[What the exercise asks]
Exclude the pictures and transcribe the rest of the data below exactly.

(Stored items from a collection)

:::

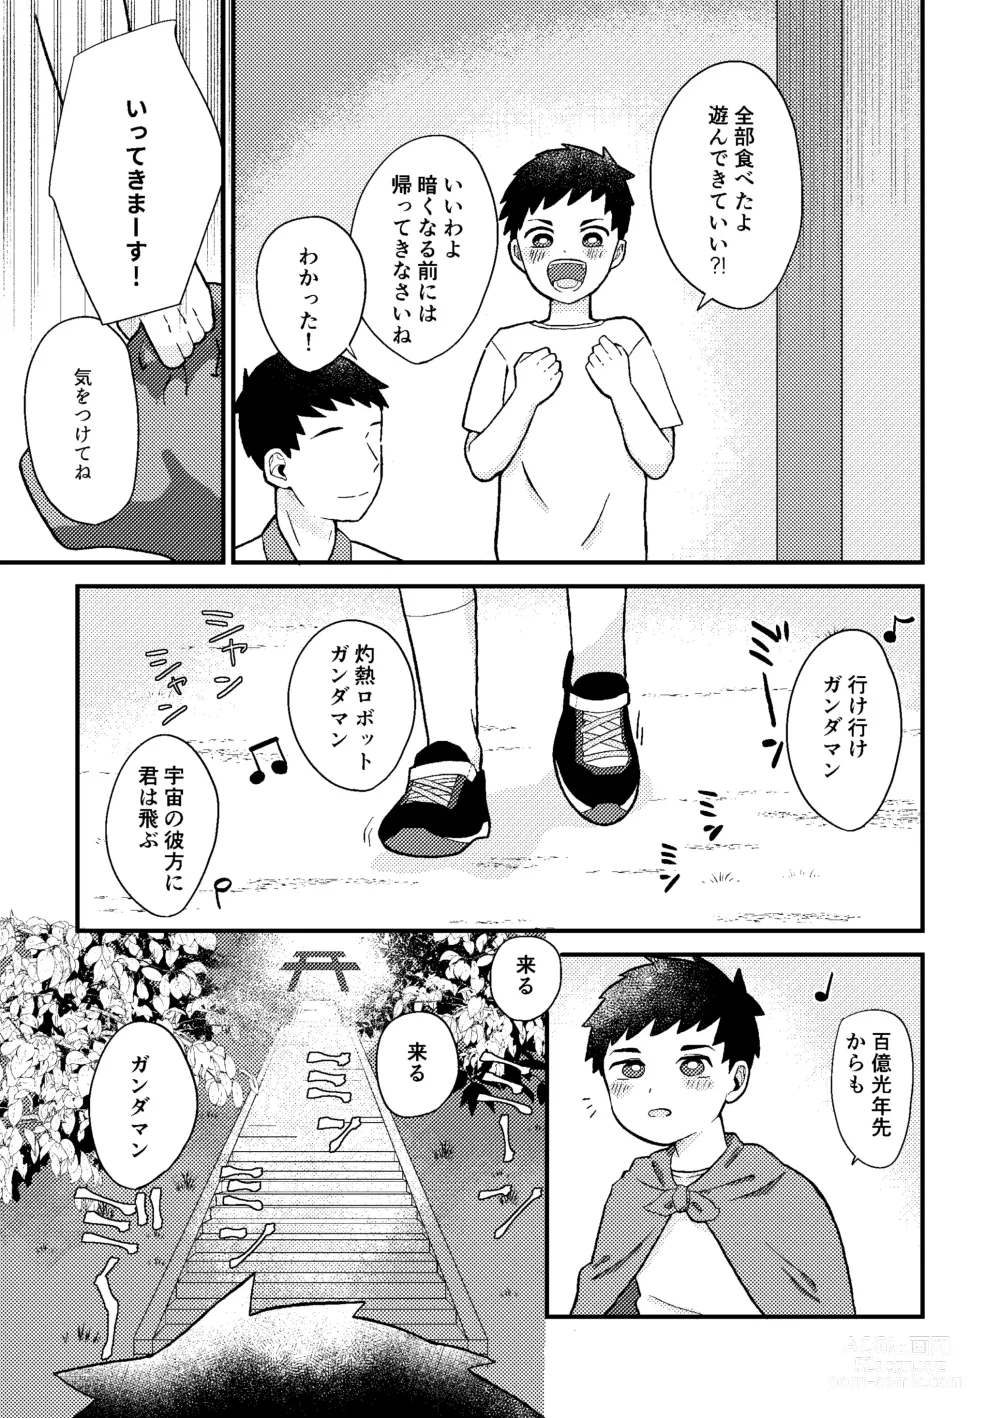 Page 6 of doujinshi Saigo no Natsuyasumi
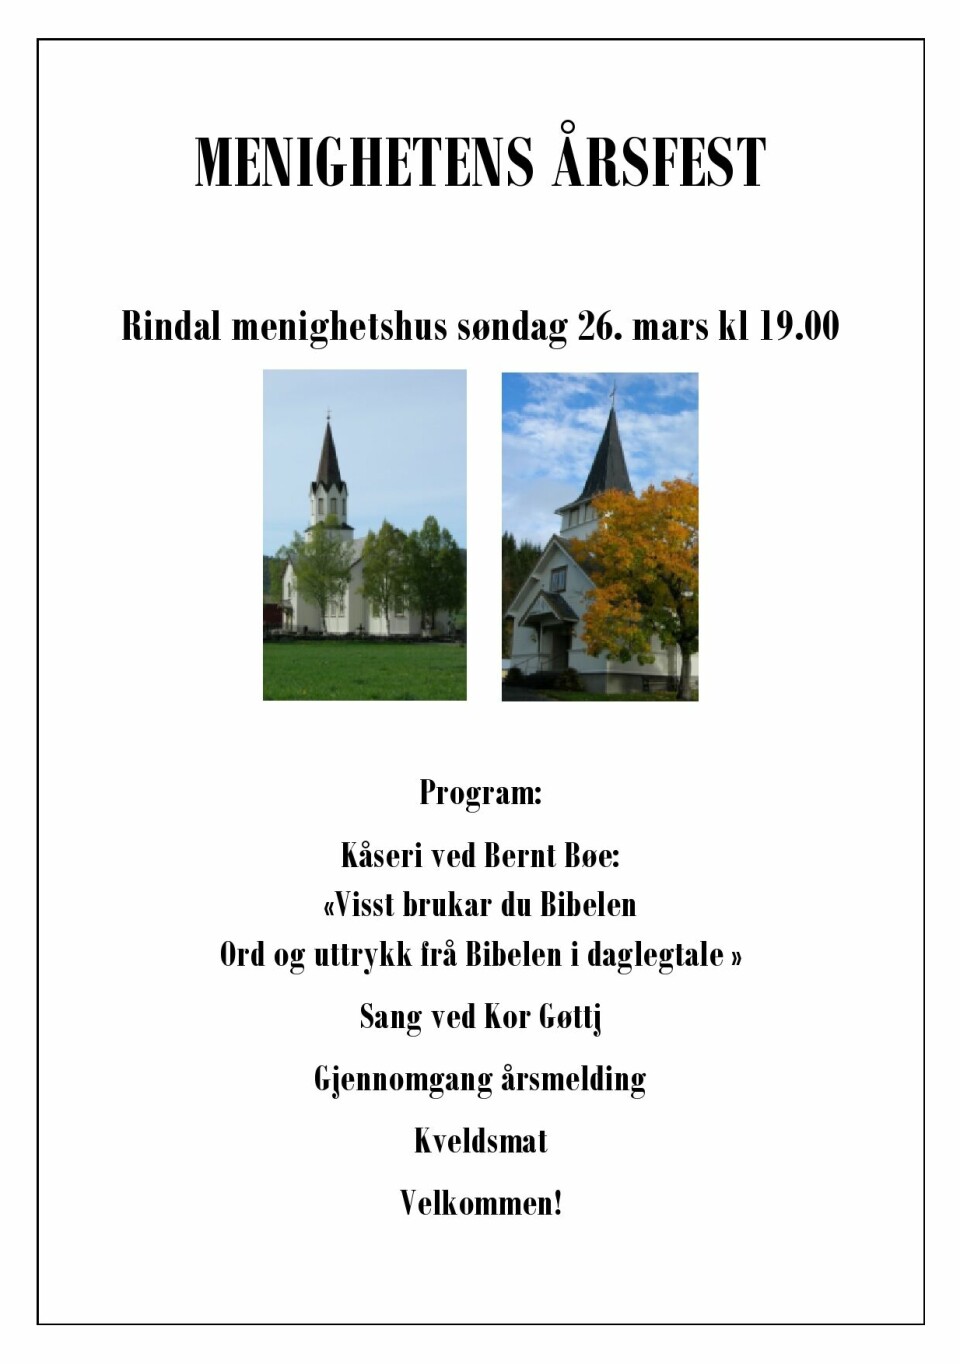 Plakat for menighetens årsfest i Rindal Menighetshus søndag 26. mars klokken 19.00.
Under er det et bilde av menighetshuset
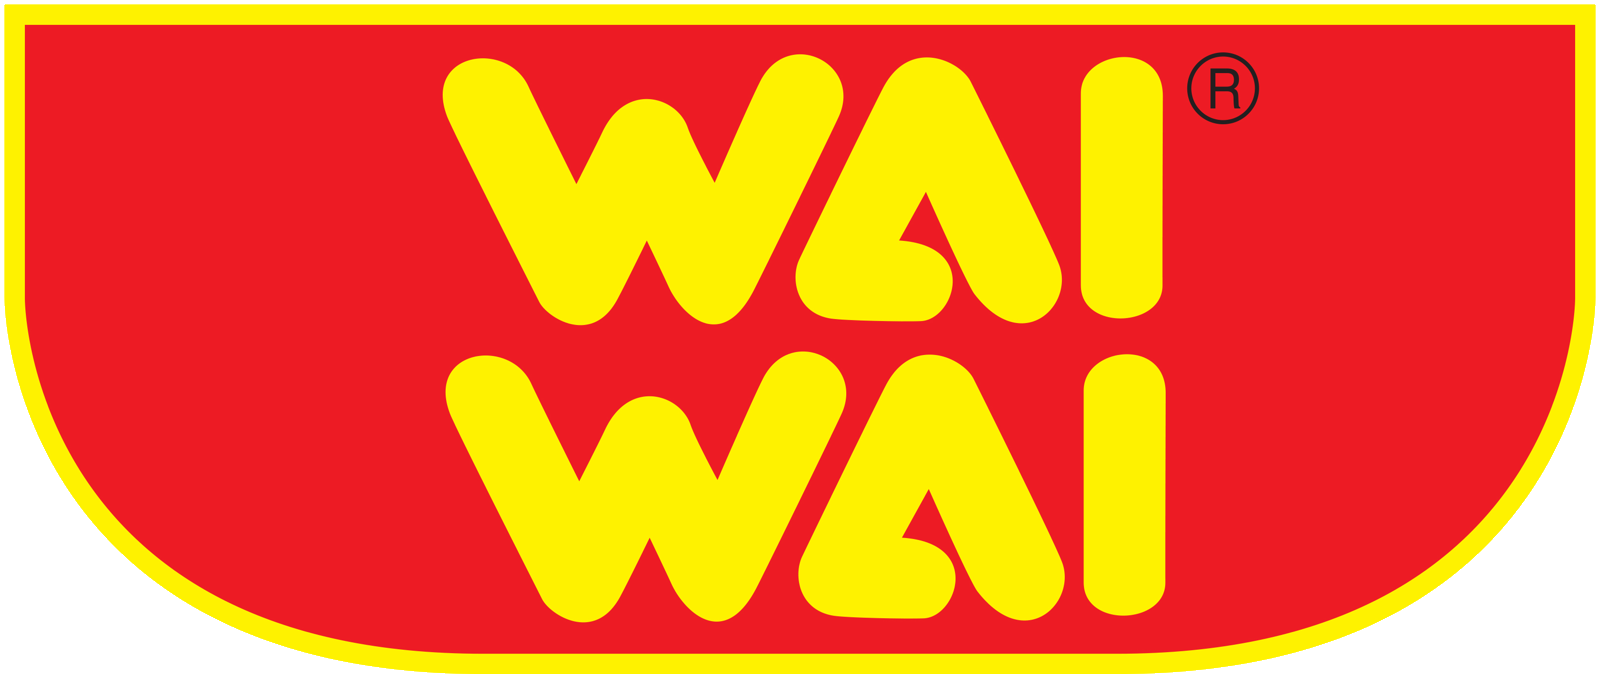 WaiWai
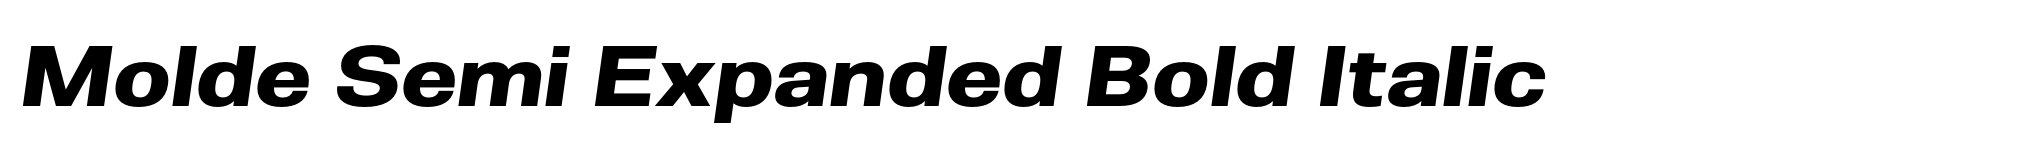 Molde Semi Expanded Bold Italic image
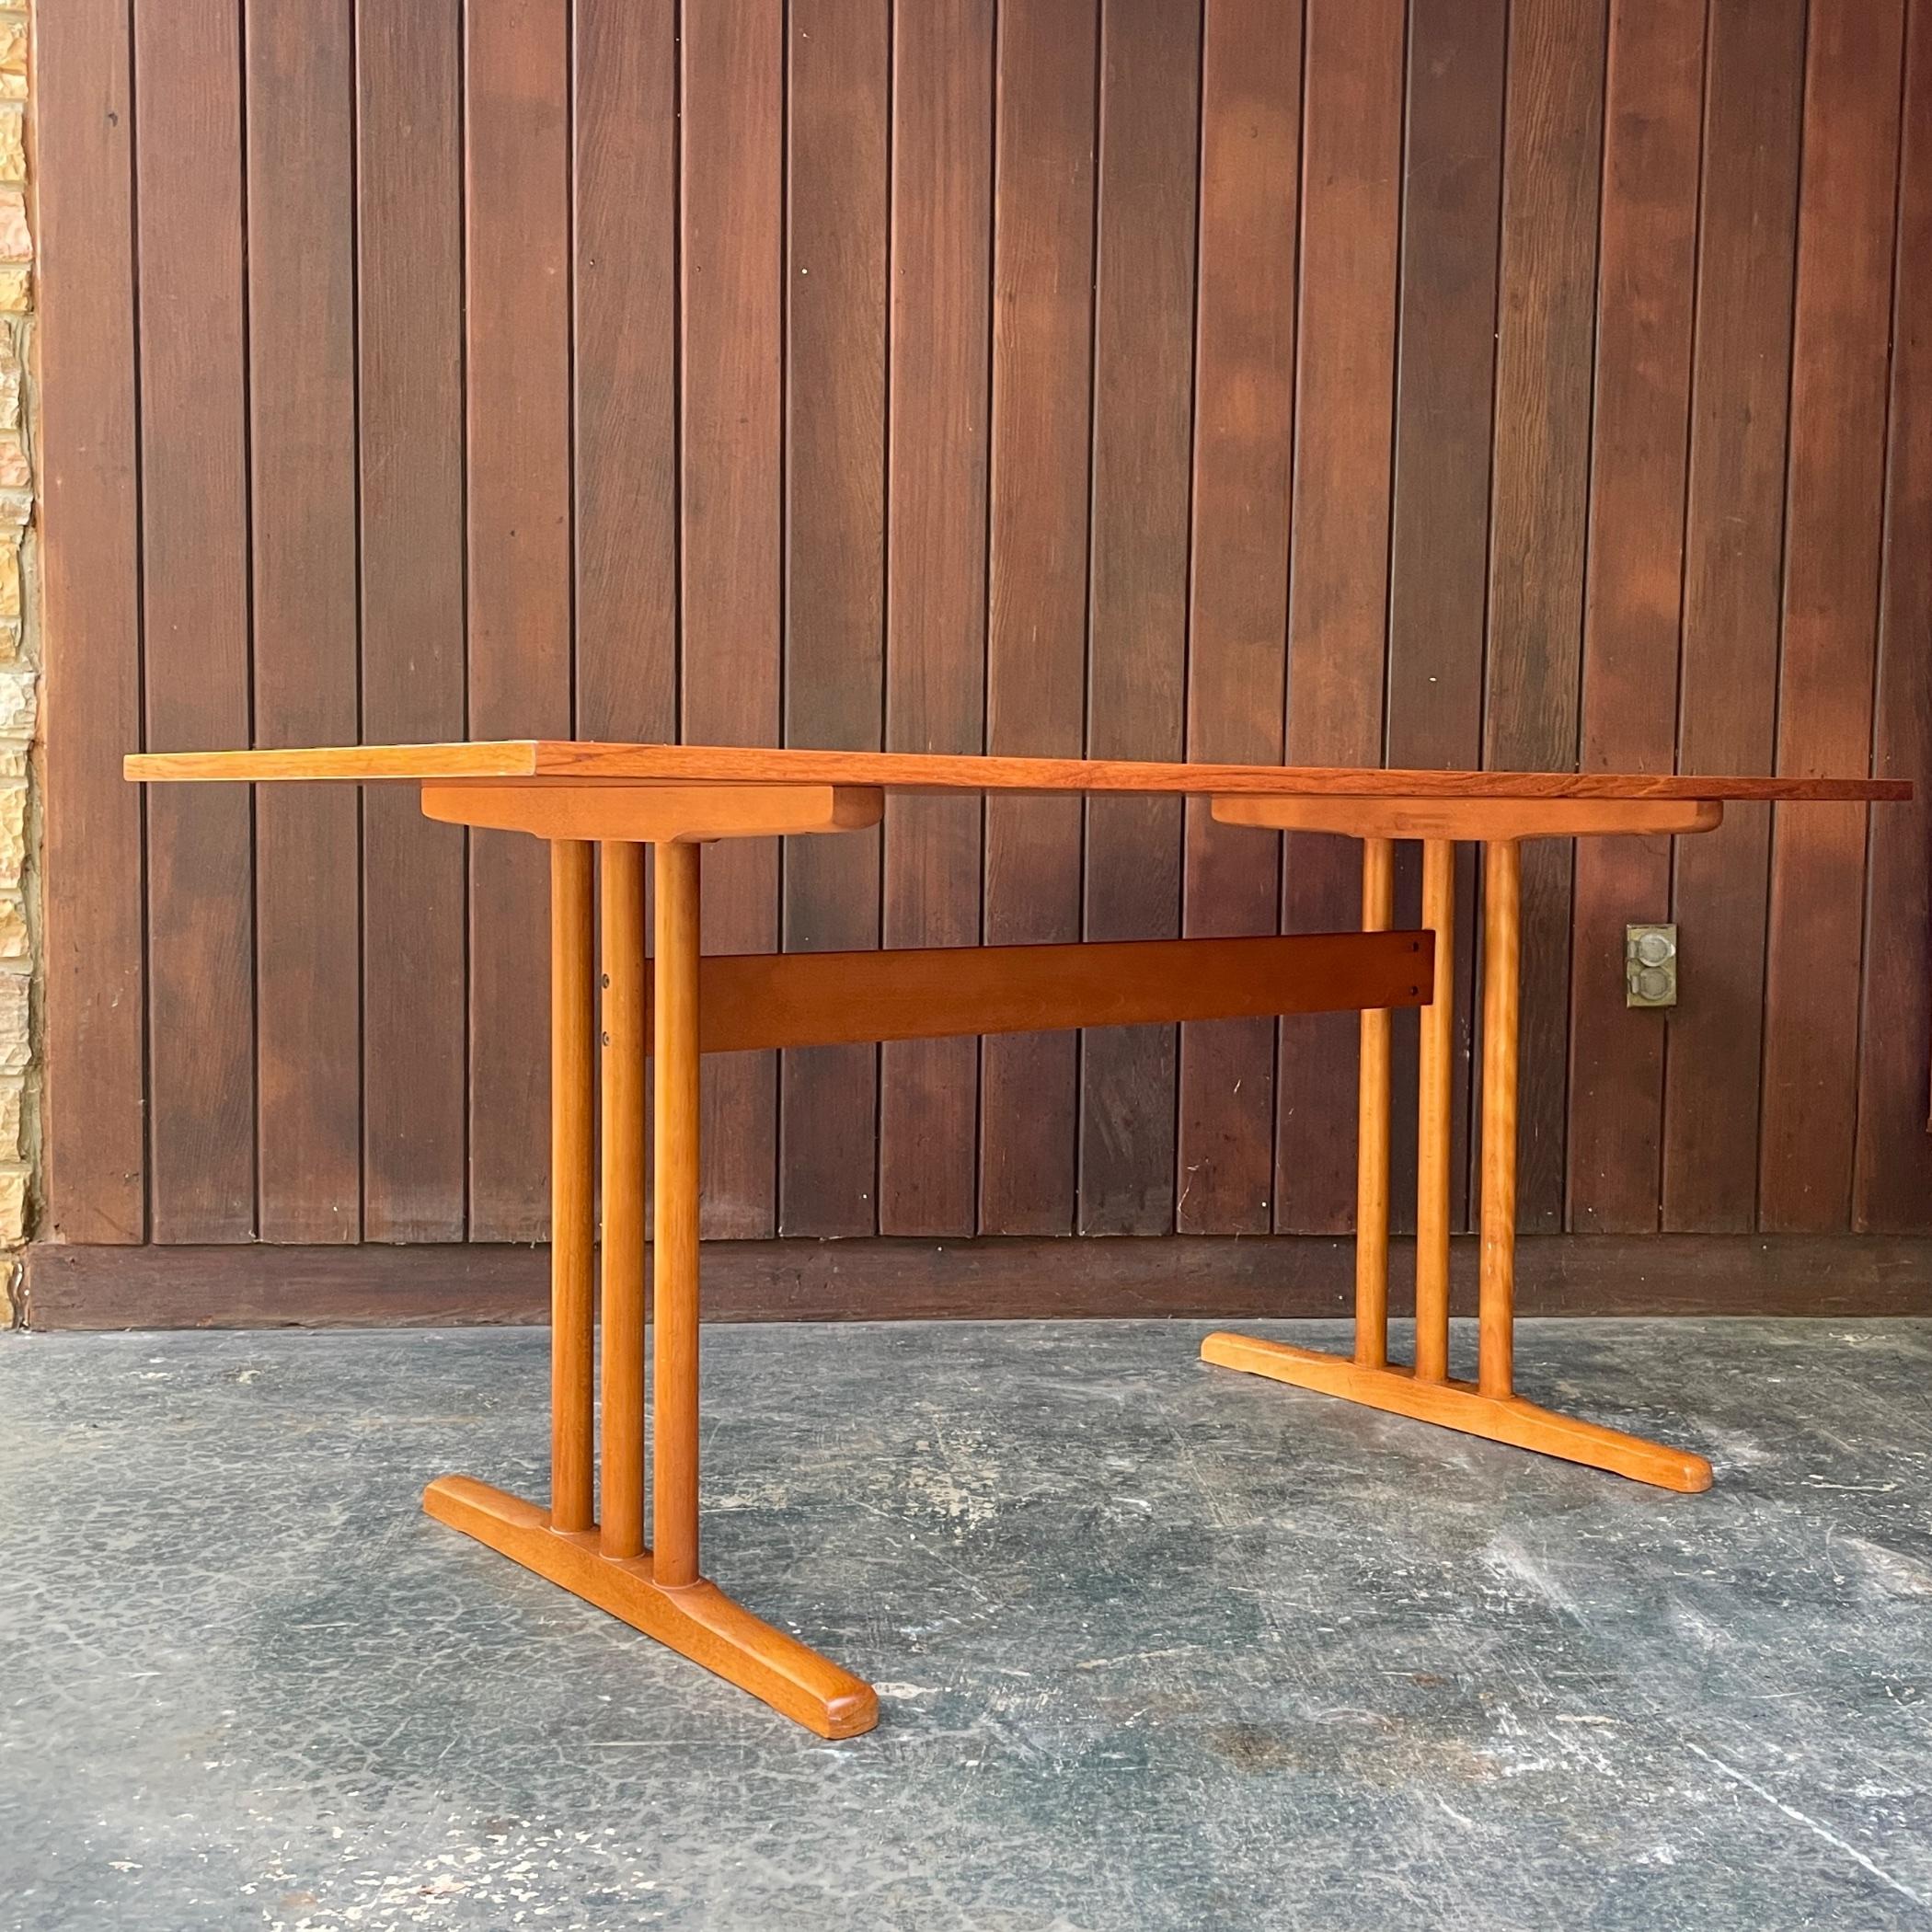 Table de travail danoise du milieu du siècle, lourde, solide et stable, qui peut également être utilisée comme table à manger pour deux personnes.

Le plateau est en bois massif avec un placage en teck, présentant beaucoup d'usure ; quelques

:::

[Result]
 Page 6 of doujinshi Saigo no Natsuyasumi
 Plakat for menighetens årsfest i Rindal Menighetshus søndag 26. mars klokken 19.00.
Under er det et bilde av menighetshuset
 WaiWai
 Molde Semi Expanded Bold Italic image
 Table de travail danoise du milieu du siècle, lourde, solide et stable, qui peut également être utilisée comme table à manger pour deux personnes.

Le plateau est en bois massif avec un placage en teck, présentant beaucoup d'usure ; quelques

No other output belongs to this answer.